Fondé en 1889, le Brentford FC, situé dans la banlieue de Londres, est un club de football ayant récemment connu une fulgurante ascension. Habitué aux seconds rôles depuis l’après-guerre, le club est remonté, depuis 2021, dans l’élite du football anglais : la Premier League. Un succès façonné de toutes pièces par un homme : Matthew Benham. Supporter du club depuis sa tendre enfance, il l’a sauvé de la faillite en 2012 pour en faire ce qu’il est devenu aujourd’hui et cela par le biais de moyens peu conventionnels : l’analyse statistique approfondie, la fameuse “Data”. Zoom sur l’histoire du stratège des Bees.
Qui est Matthew Benham ?
Matthew Benham possède un diplôme de la très prestigieuse Université d’Oxford, obtenu en 1989. Pendant plus de dix ans, il a travaillé dans le milieu de la finance et des assurances, avant d’être nommé vice-président de la Bank of America à la fin des années 90. En 2001, il décide de changer de carrière et rejoint une société de paris sportifs nommée Premier Bet, dans laquelle il officie en tant qu’opérateur financier ou trader. Après une brouille avec son ancien patron, Tony Bloom, il quitte le groupe pour devenir parieur professionnel, lui permettant d’accumuler des millions de dollars. Il crée des algorithmes et modèles mathématiques afin d’optimiser au maximum ses gains.

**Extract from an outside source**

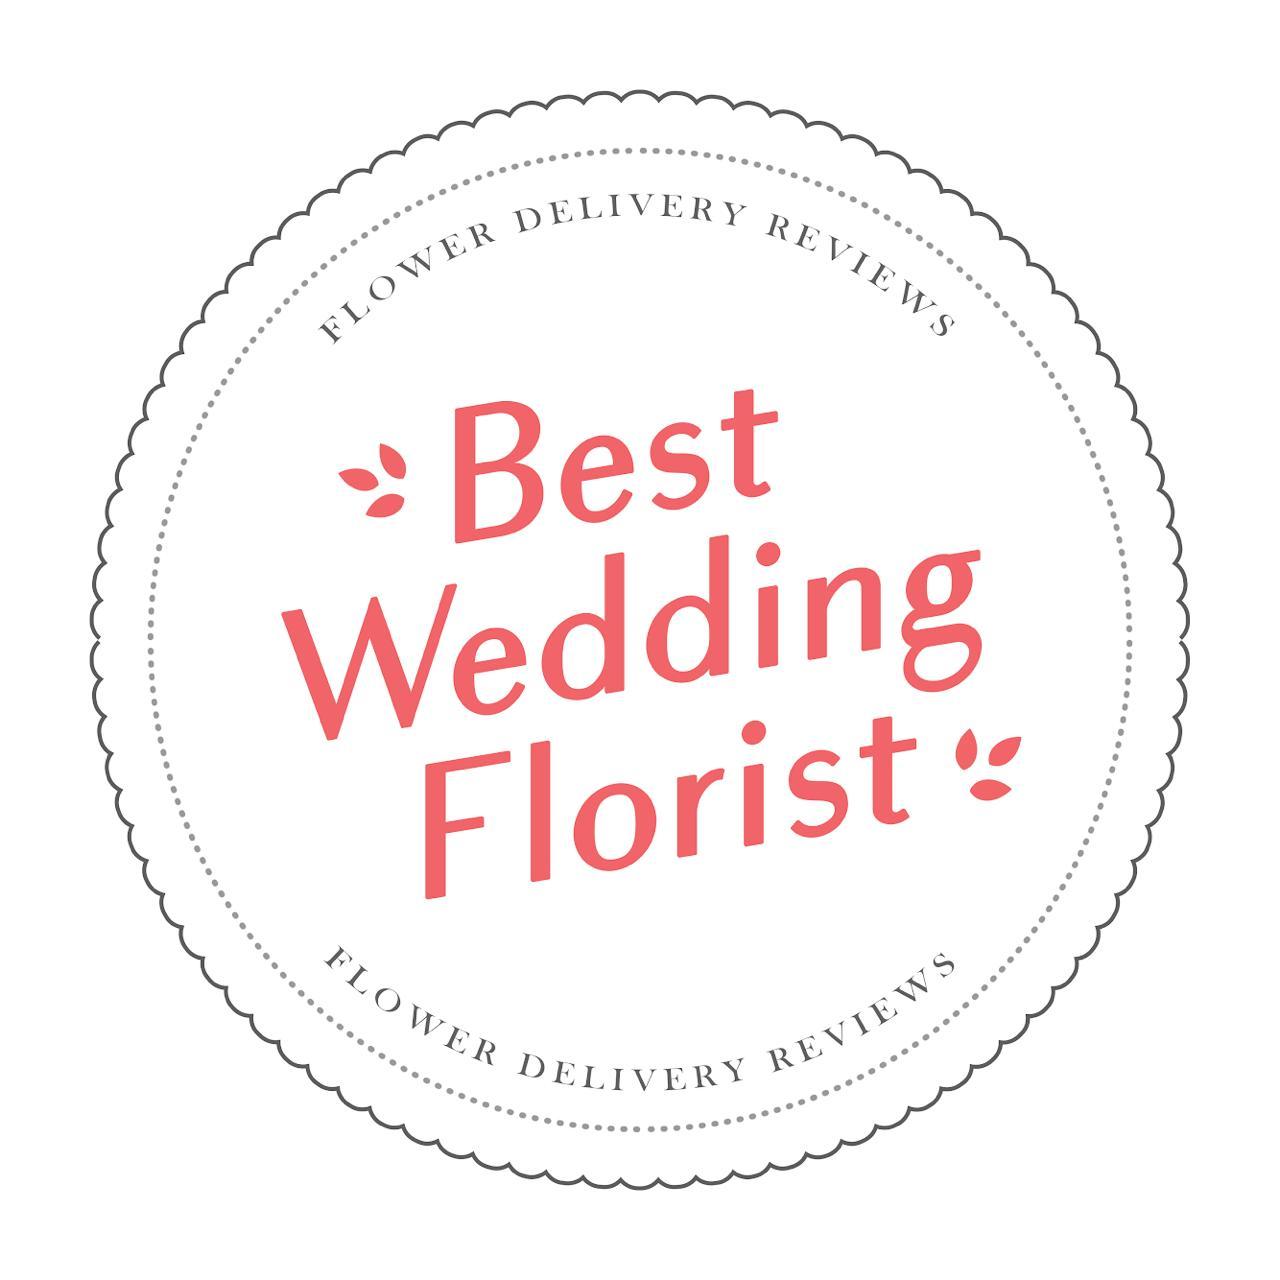 best_wedding_floral_designer_montreal.jpeg
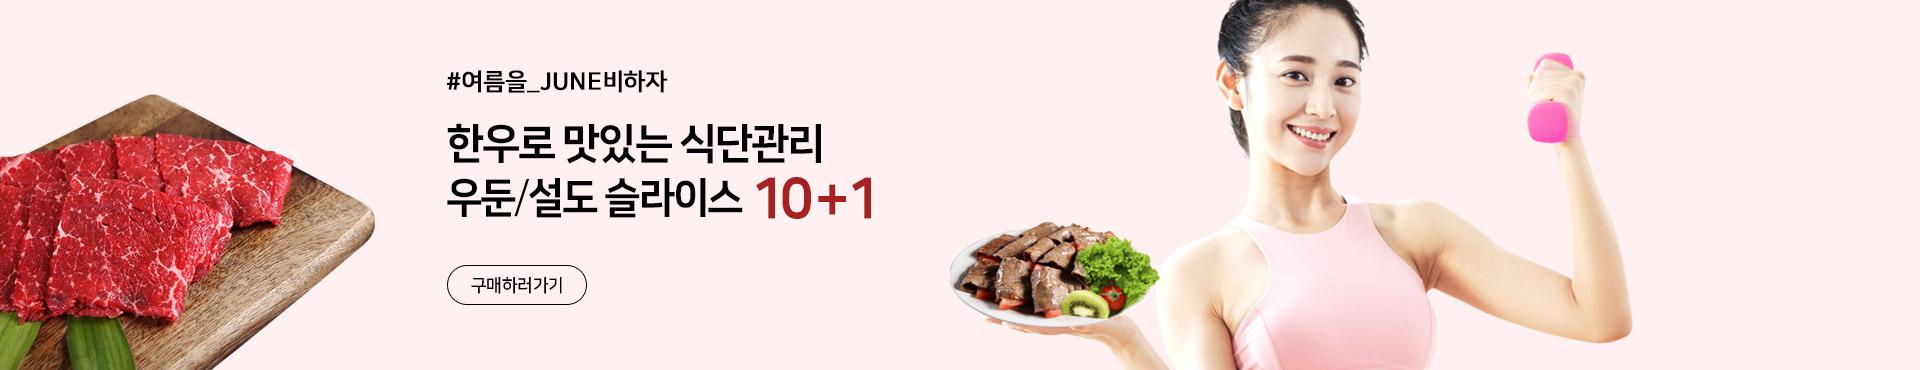 저지방 한우  우둔/설도 슬라이스 10+1

En parallèle, il crée son entreprise de conseils en paris sportifs SmartOdds, toujours en se basant sur les différents modèles statistiques créés pour lui-même. Son succès ne se fait pas attendre : dix ans plus tard, en 2011, son entreprise génère près de dix millions de dollars par an.
Devenu une référence dans l’économie florissante du pari sportif, Matthew Benham souhaite élargir son rayon d’action et se consacrer à une passion qui l’anime depuis ses onze ans : le Brentford Football Club. En 2012, et alors l’équipe végète au fin fond de la troisième division anglaise, Benham rachète le club pour 700 000 dollars, avec la ferme intention de le redresser.
L’analyse statistique comme clé du succès du Brentford FC
Fort de son passé d’analyste financier, Matthew Benham fait le choix de limiter ses investissements dans l’achat de joueurs, de cadres techniques ou autres ressources coûteuses pour mettre la data au cœur de son projet de reconstruction. Il a trouvé son inspiration dans Moneyball, un livre de Michael Lewis, et adapté au cinéma dans Le Stratège, avec Brad Pitt, qui raconte l’ascension fulgurante de l’équipe de baseball d’Oakland, en MLB, dirigée par Billy Bean et son équipe d’analystes data. Il décide d’appliquer ce modèle au football, d’abord en testant ses méthodes au club de Midtjylland, au Danemark.
Devenu actionnaire majoritaire en 2014, le club remporte le championnat dès l’année suivante, validant ainsi son nouveau processus de développement. Il décide alors de faire de même au sein du club de Brentford. Pour y parvenir, Matthew Benham entreprend, en 2015, une totale restructuration du club et incorpore dans son équipe une majorité de professionnels de la data.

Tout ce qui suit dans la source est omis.